Oil prices settled about 70¢ lower on the New York market Aug. 12 while oil prices on the London market plunged more than $1 to their lowest level since early July 2013 following a report from the International Energy Agency, which lowered its oil demand forecast.
In its monthly oil market report, IEA lowered its 2014 global oil demand growth forecast to 1 million b/d on lower-than-expected second-quarter oil deliveries worldwide and a weaker economic outlook from the International Monetary Fund (OGJ Online, Aug. 12, 2014).
IEA forecast global oil demand growth will accelerate to 1.3 million b/d in 2015.
Reuters reported Aug. 13 that the first shipment of oil since 2013 has left Libya’s Ras Lanuf terminal. Analysts say a resumption of Libyan exports could increase global crude oil supplies.

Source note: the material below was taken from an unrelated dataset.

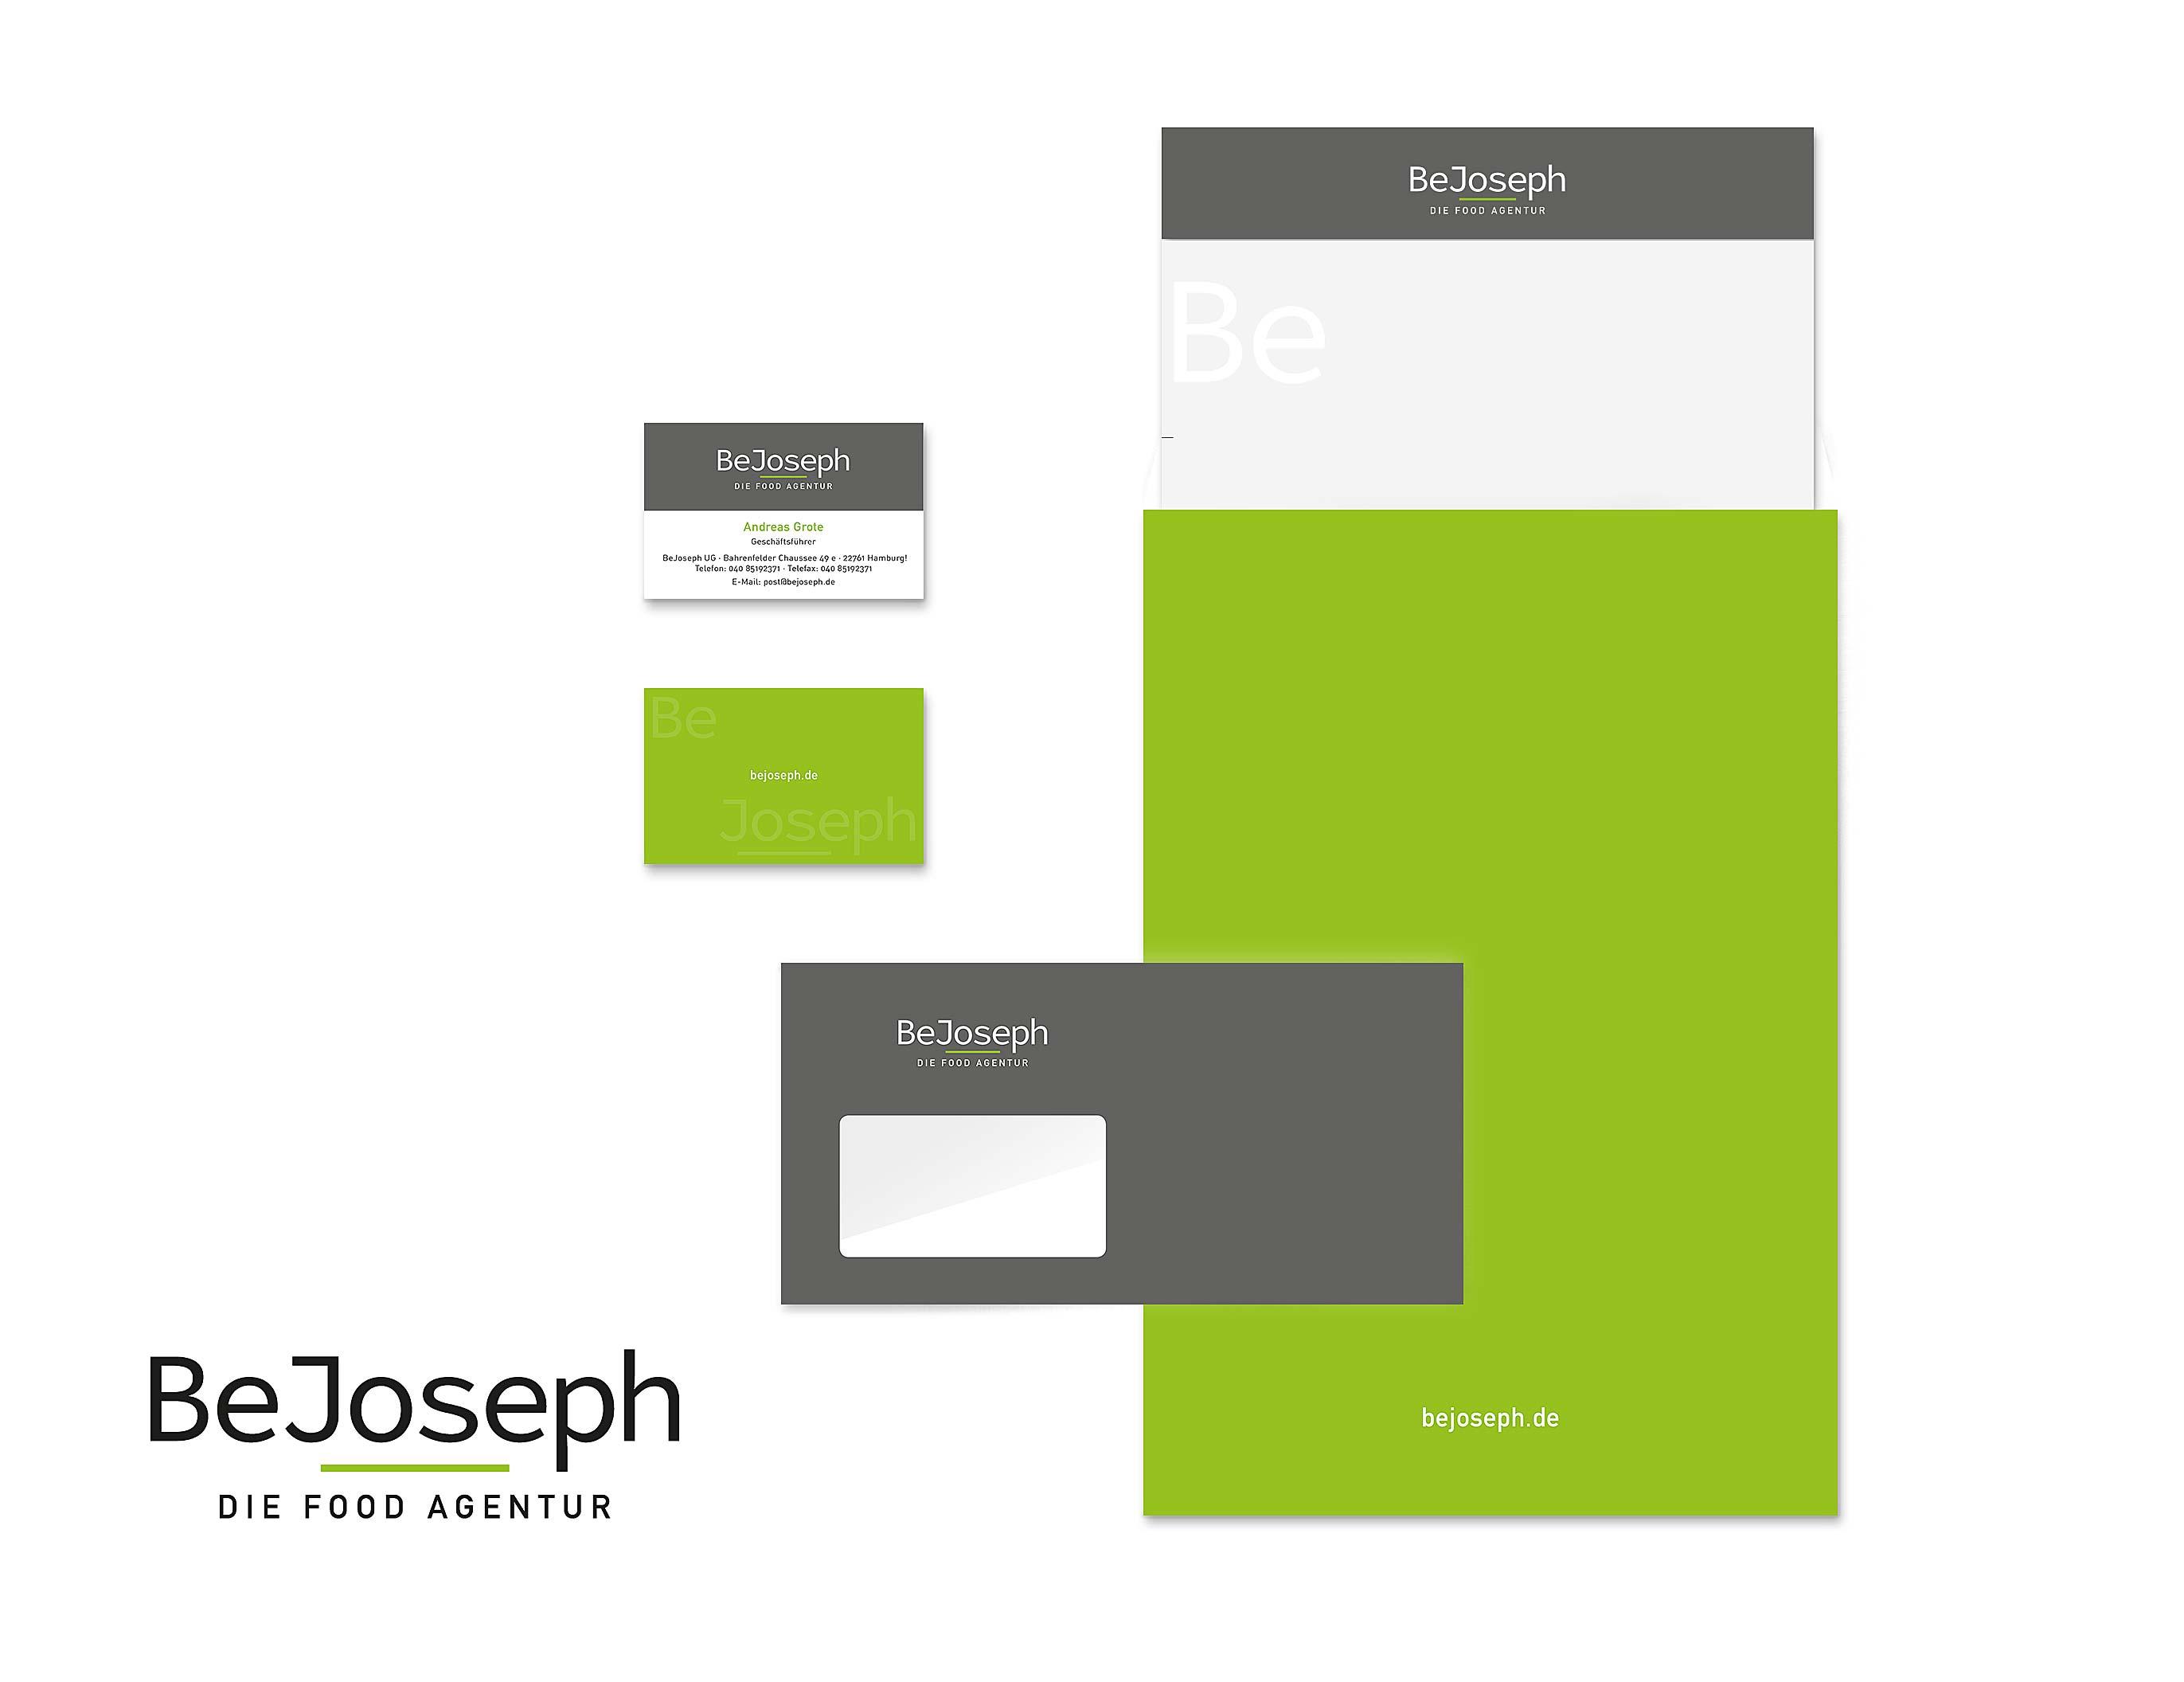 BeJoseph - Die Food Agentur

Libya’s government and rebel forces agreed to reopen ports and oil fields that had been closed for almost a year (OGJ Online, July 8, 2014).

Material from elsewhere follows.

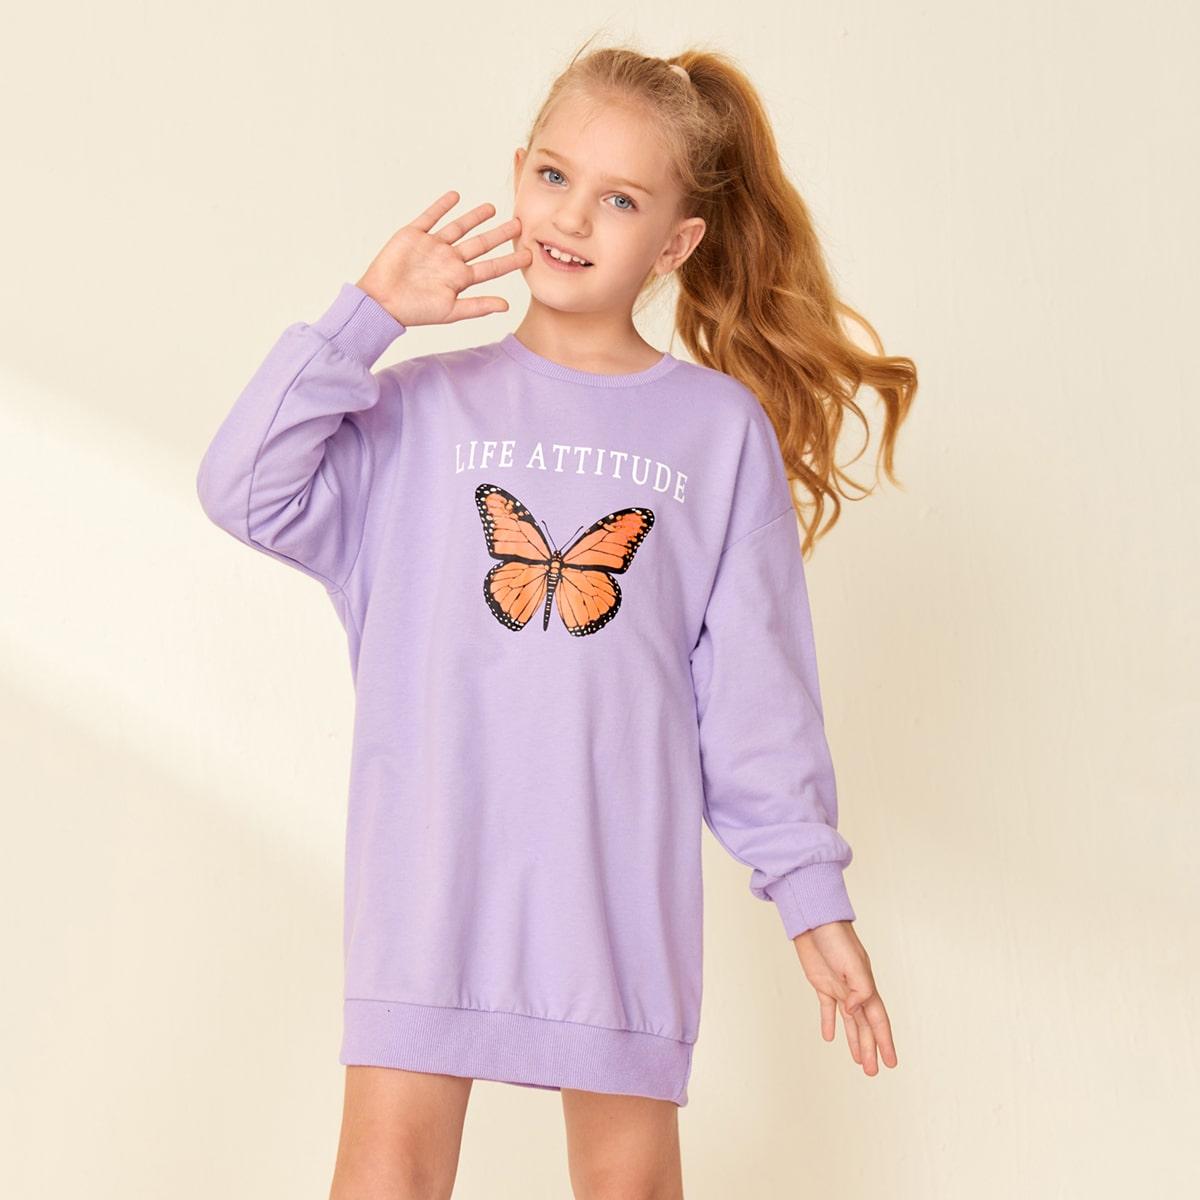 Свитшот-платье с текстовым принтом и бабочкой для девочек

On Aug. 13, the US Energy Information Administration released its weekly petroleum inventory report for the week ended Aug. 8, saying US commercial crude oil inventories, excluding those in the Strategic Petroleum Reserve, increased by 1.4 million bbl from the previous week.
At 367 million bbl, US crude oil inventories are above the upper limit of the average range for this time of year, EIA said.
The American Petroleum Institute said its own calculations indicated the crude oil inventory rose 229,000 bbl for the week ended Aug. 8.
Gasoline inventories drop
Total motor gasoline inventories decreased 1.2 million bbl, which EIA described as being in the middle of the average range. Finished gasoline inventories increased while blending components inventories decreased last week.
Distillate fuel inventories decreased by 2.4 million bbl, and EIA said that level was below the lower limit of the average range for this time of year. Propane-propylene inventories rose 1.8 million bbl, which was above the upper limit of the average range.
US refinery inputs averaged over 16.2 million b/d for the week ended Aug. 8, which was 179,000 b/d less than the previous week’s average. Refineries operated at 91.6% of capacity last week. Gasoline production decreased last week, averaging over 9.5 million b/d. Distillate fuel production decreased, averaging over 4.7 million b/d.
US crude oil imports averaged over 7.8 million b/d, up 283,000 b/d. Over the last 4 weeks, crude oil imports averaged over 7.6 million b/d, 4.6% below the same 4-week period last year. Total motor gasoline imports, including both finished gasoline and gasoline blending components, averaged 470,000 b/d last week while distillate fuel imports averaged 151,000 b/d.
The natural gas contract for September climbed less than a penny to remain at a rounded $3.97/MMbtu. On the US cash market, gas at Henry Hub, La., was $3.92/MMbtu, down 3¢.
Heating oil for September delivery dropped 3.4¢ to a rounded $2.85/gal. Reformulated gasoline stock for oxygenate blending for September delivery fell 1.8¢ to a rounded $2.73/gal.
The September ICE contract for Brent crude delivery plunged $1.66 to $103.02/bbl. The October contract fell $1.50 to $103.89/bbl. The ICE gas oil contract for September was down $12.75 to $884.75/tonne.
The average price for the Organization of Petroleum Exporting Countries’ basket of 12 benchmark crudes was $101.66/bbl on Aug. 12, down 63¢.